The Pepper Pail Project started on January 15, 2001. Since then, every garbage pail, Blue Box, and kitchen compost pail has been weighed before being set out for collection or dumped in the backyard composter. There is no attempt to determine what is in the garbage pail itself. Suffice it to say, it is everything that cannot be diverted through the programs listed previously. In volume, the majority of the waste in the garbage pail is plastic packaging materials not collected in our current recycling program. Personal hygiene products (tissues, cotton swabs, and so on) also make up a significant part of the volume. Yes, some of these materials can be "reduced," but there are just some things I won’t do, such as carry a handkerchief in my pocket as my grandfather did. The weight in the garbage pail, at least so far, is mostly foodwaste (e.g., fat and bones).

With this background out of the way, here are the results for the first three months of 2001 (note: 1 kg = 2.2 lb.).

Garbage 50.5 kg
Blue Box Recyclables 61.5 kg
Backyard Compostables 19.6 kg
Yardwaste to Compost Pad 40.0 kg
Other Diversion 2.9 kg
Total 174.5 kg
Diversion 71%

In the first 12 weeks of this project, the average weekly rate of garbage set out for collection is 4.2 kg. There were two weeks when we didn't bother to take the pail out to the curb because of insufficient garbage. If this trend holds for the year, we will place out 218 kg of garbage for disposal in 2001. The average household in Essex-Windsor set out 818 kg of garbage for disposal in 2000.

The average amount of recyclables set out for biweekly collection in the first 12 weeks was 10.25 kg.

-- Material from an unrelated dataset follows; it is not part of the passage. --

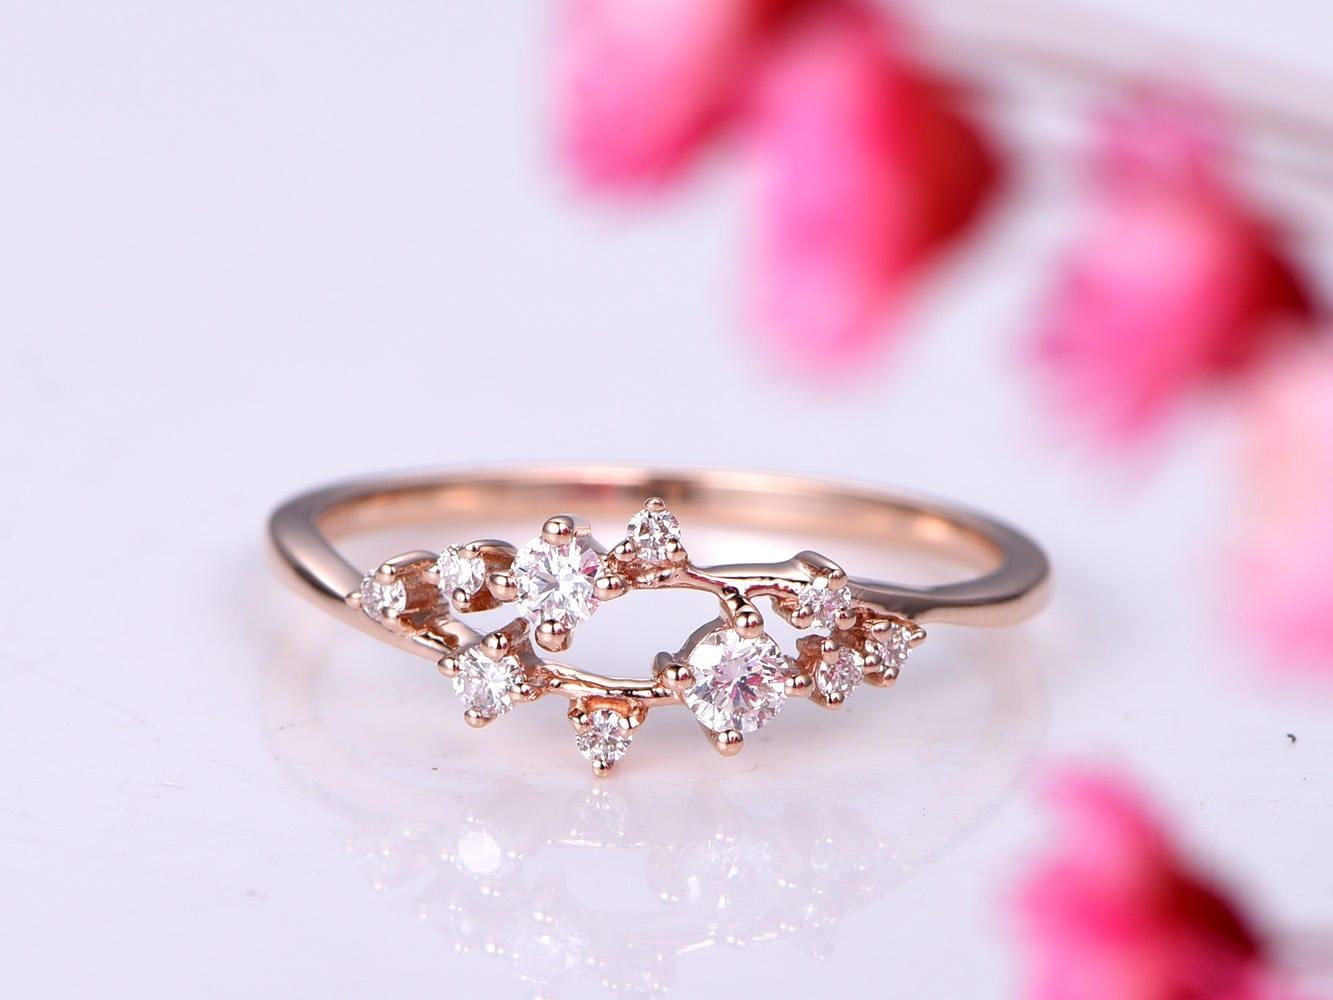 Diamond ring diamond engagement ring wedding band sakua design

If this amount remains constant, we will set out 266.5 kg of recyclables this year. The average household in Essex-Windsor set out 178 kg of recyclables in 2000.

About 47% of our household Blue Box materials was a mix of old newspaper and old magazines, whereas that mix is approximately 64% of all recyclables collected by the EWSWA in 2000. This is surprising. Since we subscribe to the regional daily newspaper and the local weekly paper, as well as a number of weekly and monthly magazines, I thought we would be closer to the average.

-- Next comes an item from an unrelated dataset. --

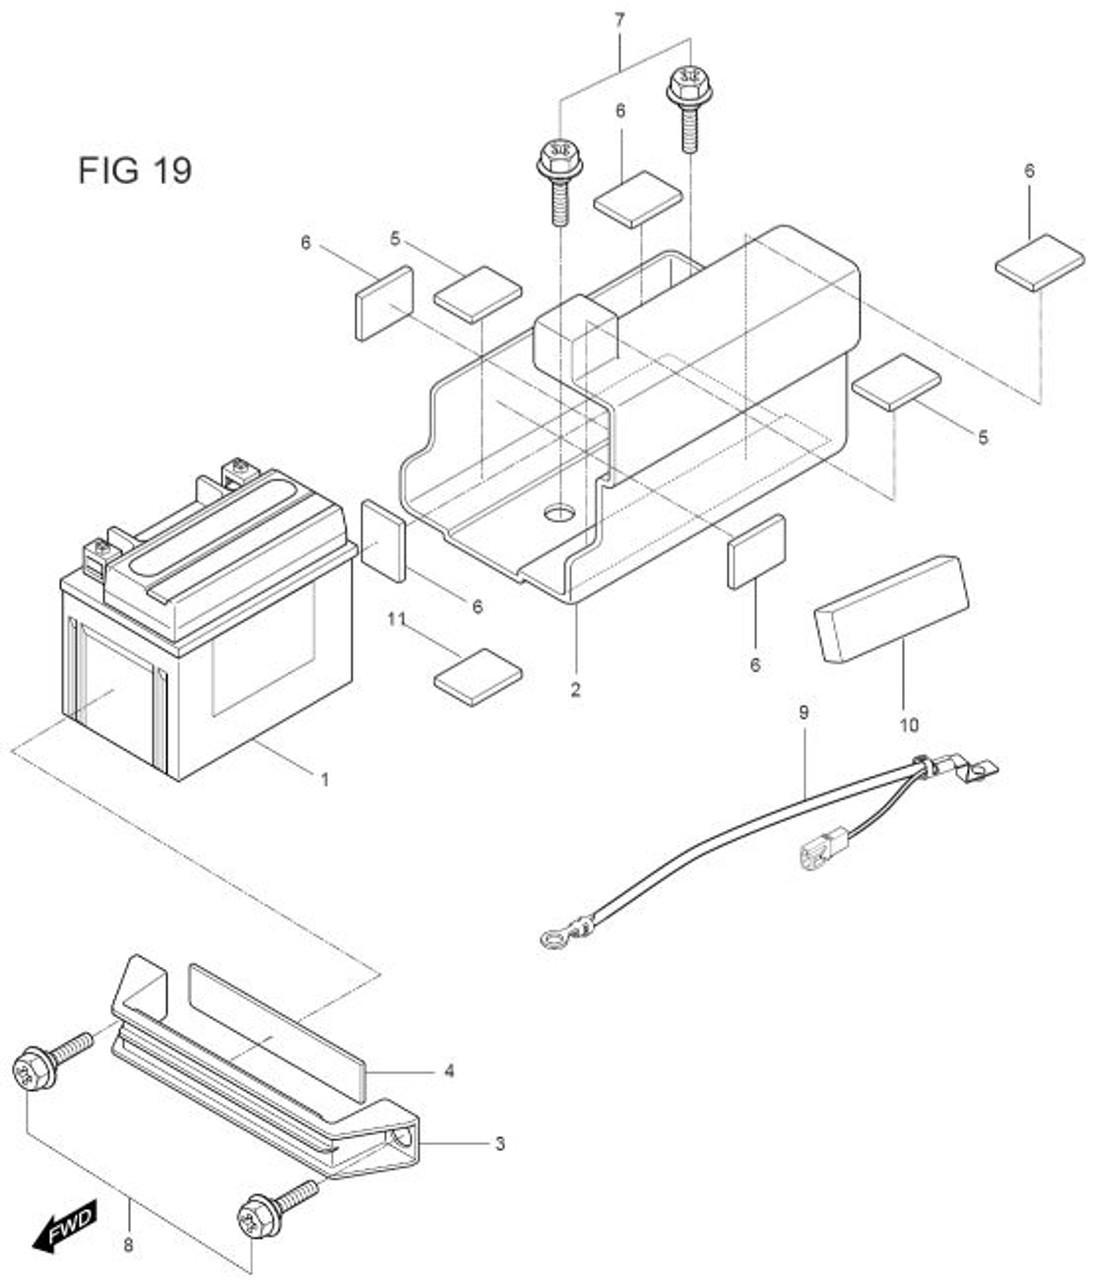 Hyosung Gv250 Wiring Diagram | Wiring Diagram

What is not surprising is the amount of containers (tin, aluminium, and PET) in our Blue Box compared to the average. The average is 8%, while in our household it is 18.3% (caffeinated cola products are the beverage of choice of several people in our house, with at least two cases of cans–or their equivalent in PET bottles–consumed each week).

The quantity of material going into our backyard composter is also surprising. There is an old figure kicking around that the average household will place 120 kg/yr. of kitchen waste into its backyard composter. We are fairly regular consumers of fresh vegetables and fruit, and I seem to empty the kitchen pail regularly; however, the total so far only averages 1.6 kg each week. At this rate, we will be hard-pressed to reach 85 kg for the year. Maybe we will make that up during the summer barbecue season.

Todd R. Pepper is general manager of the Essex-Windsor Solid Waste Authority in Ontario, Canada.